На коровнике Серебров лез во все щели, уличая в недобросовестности жуликоватых монтажников из ЛМУ. Водопровод был смонтирован так, что по всему коровнику шел пугающий гул. Трубы вибрировали, а небритый заикающийся мастер Хохлов успокаивал главного инженера, говоря, что это пройдет.
— Вы что, мать вашу, хотите, чтобы быка инфаркт хватил? — выходя из себя наступал Серебров на мастера. — Своему человеку не могли по-честному сделать? С такой вибрацией не приму. Делайте перевод, чтоб не было вибрации.

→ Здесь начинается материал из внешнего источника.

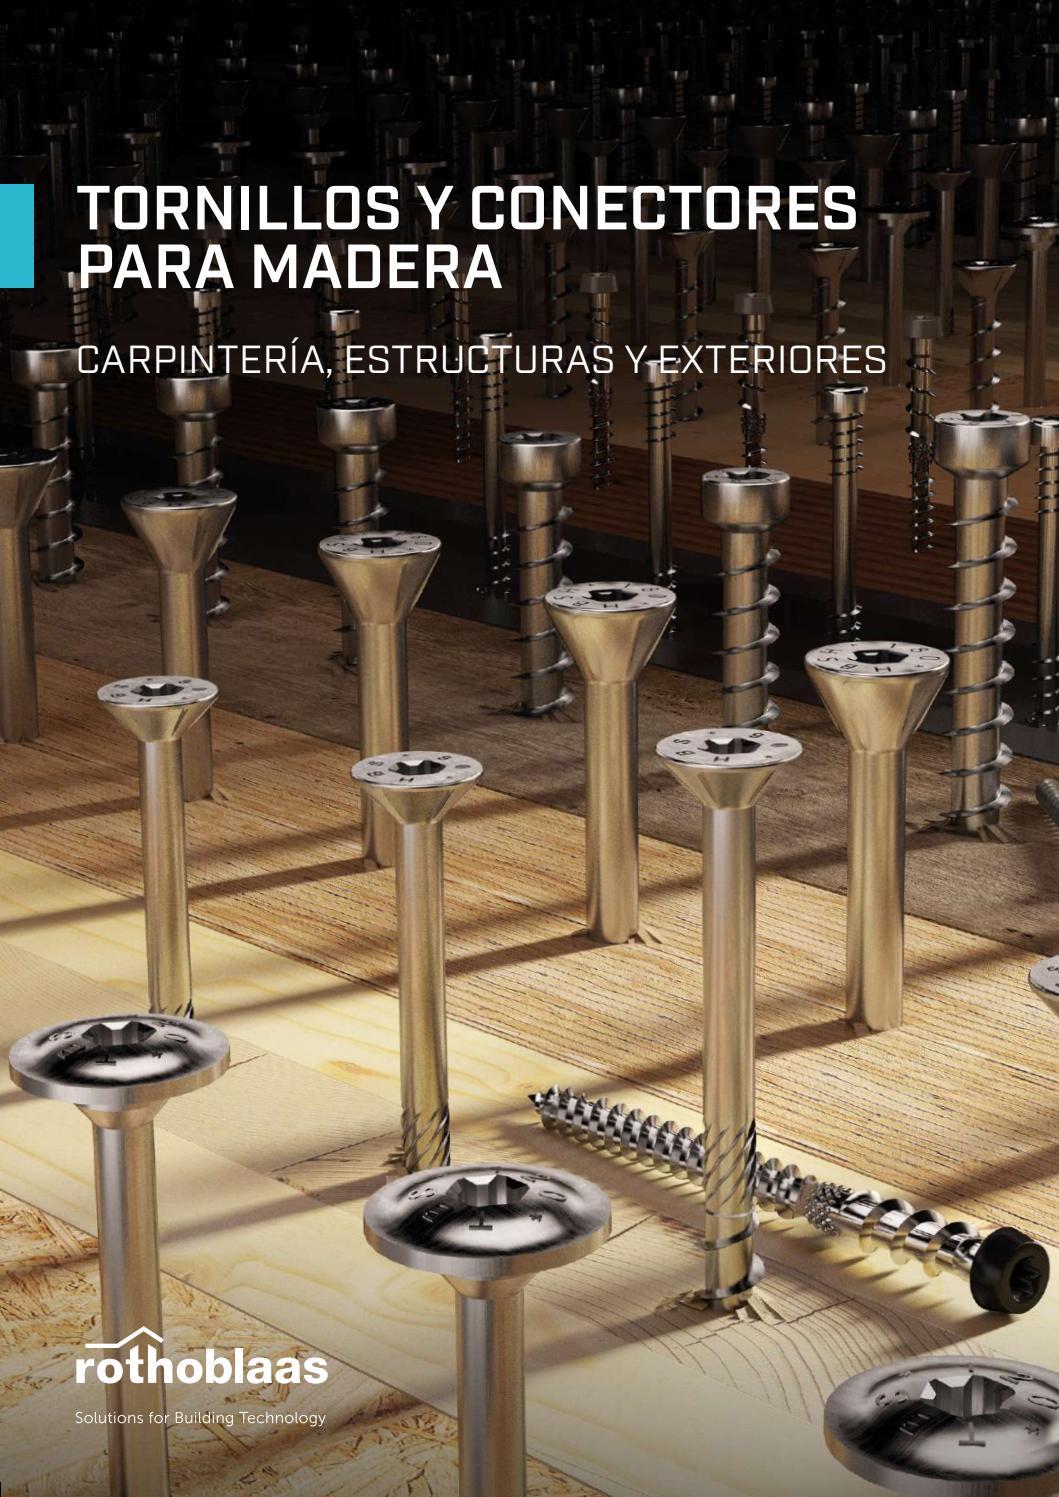 5 x 25 hasta 16 x 150 100 tornillos de cabeza hexagonal para madera DIN 571 acero inoxidable A2

Он ругался, хотя проявлять особую строгость было недосуг: доярки вели коров со старого скотного двора на новое место, и сам Серебров спешил в Усть-Белецк. Монтажники об этом догадывались. Кроме того, они отлично знали: пообещай доделать, и колхозный инженер подпишет акт. А потом бог знает, когда попадут они сюда. Забудутся все эти недоделки.
Серебров тоже это отлично знал. Он сам взялся за электросварку, чтоб выбросить из трубы звено для перевода, который бы гасил вибрацию. Нахватался «зайчиков», в глазах потускнело, но все же раскачал монтажников — поняли, что на этот раз не смухлевать и с недоделками монтаж сдать не удастся.
Сто двадцать километров до Усть-Белецка и обратно по апрельским непрочным дорогам вовсе измотали его.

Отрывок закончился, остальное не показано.